Dhondt Evy, Van Oosterwijck Jessica, Cagnie Barbara, Adnan Rahmat, Schouppe Stijn, Van Akeleyen Jens, Logghe Tine, Danneels Lieven

机构信息

SPINE Research Unit Ghent, Department of Rehabilitation Sciences, Faculty of Medicine and Health Sciences, Ghent University, Campus UZ Ghent, 9000 Ghent, Belgium.

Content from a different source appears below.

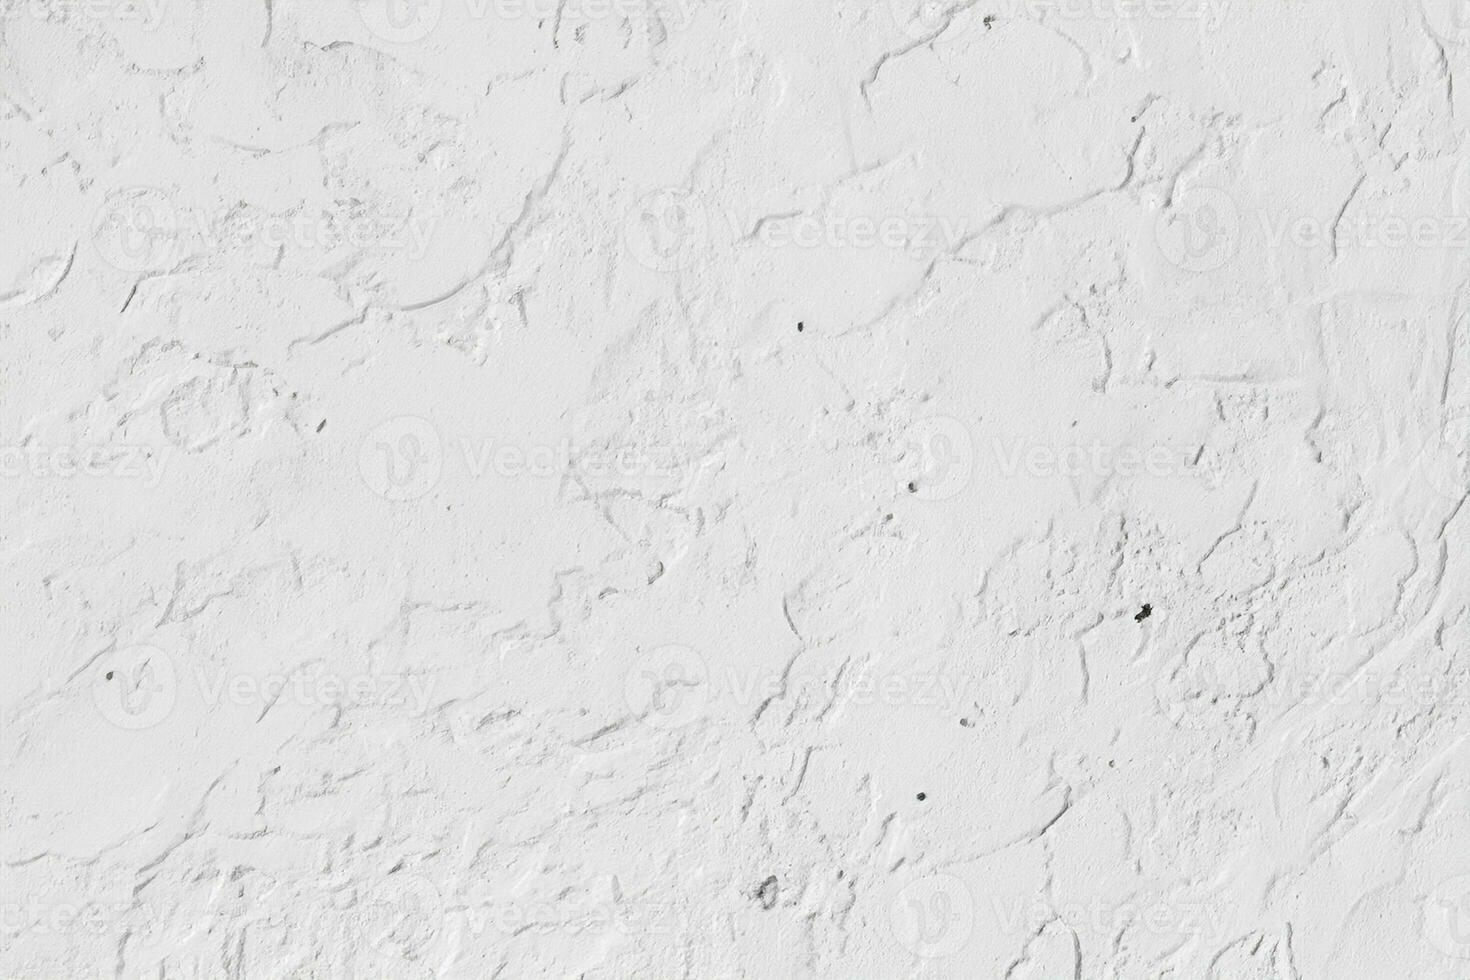 texturerad av betong plåster vägg och vit bakgrund foto

Pain in Motion International Research Group.

出版信息

J Back Musculoskelet Rehabil. 2020;33(2):277-293. doi: 10.3233/BMR-181125.

DOI:10.3233/BMR-181125
PMID:31356190
Abstract

BACKGROUND

There is a growing need to identify patient pre-treatment characteristics that could predict adherence and outcome following specific interventions.

OBJECTIVE

To identify predictors of adherence and outcome to outpatient multimodal rehabilitation in chronic low back pain (CLBP).

METHODS

A total of 273 CLBP patients participated in an exercise-based rehabilitation program. Patients who completed ⩾ 70% of the treatment course were classified as adherent. Patients showing a post-treatment reduction of ⩾ 30% in Oswestry Disability Index (ODI) and Visual Analogue Scale (VAS) back pain intensity scores were assigned to the favorable outcome group.

RESULTS

Multivariate logistic regression revealed that higher age, higher ability to perform low-load activities, and higher degrees of kinesiophobia increased the odds to complete the rehabilitation program. By contrast, lower levels of education and back pain unrelated to poor posture increased the odds for non-adherence. Furthermore, a favorable outcome was predicted in case the cause for LBP was known, shorter symptom duration, no pain in the lower legs, no difficulties falling asleep, and short-term work absenteeism.

CONCLUSIONS

Assessment and consideration of patient pre-treatment characteristics is of great importance as they may enable therapists to identify patients with a good prognosis or at risk for non-responding to outpatient multimodal rehabilitation.

摘要

背景

识别能够预测特定干预措施后患者依从性和治疗结果的治疗前特征的需求日益增长。

目的

确定慢性下腰痛(CLBP)患者门诊多模式康复治疗依从性和治疗结果的预测因素。

方法

共有273例CLBP患者参与了一项基于运动的康复计划。完成治疗疗程⩾70%的患者被归类为依从性好。治疗后Oswestry功能障碍指数(ODI)和视觉模拟量表(VAS)背痛强度评分降低⩾30%的患者被归入良好治疗结果组。

结果

多因素逻辑回归显示,年龄较大、进行低负荷活动的能力较强以及运动恐惧程度较高会增加完成康复计划的几率。相比之下,教育程度较低以及与不良姿势无关的背痛会增加不依从的几率。此外,如果已知腰痛的病因、症状持续时间较短、小腿无疼痛、入睡无困难以及短期旷工,则预测会有良好的治疗结果。

结论

评估和考虑患者的治疗前特征非常重要,因为这可能使治疗师能够识别出预后良好或有门诊多模式康复治疗无反应风险的患者。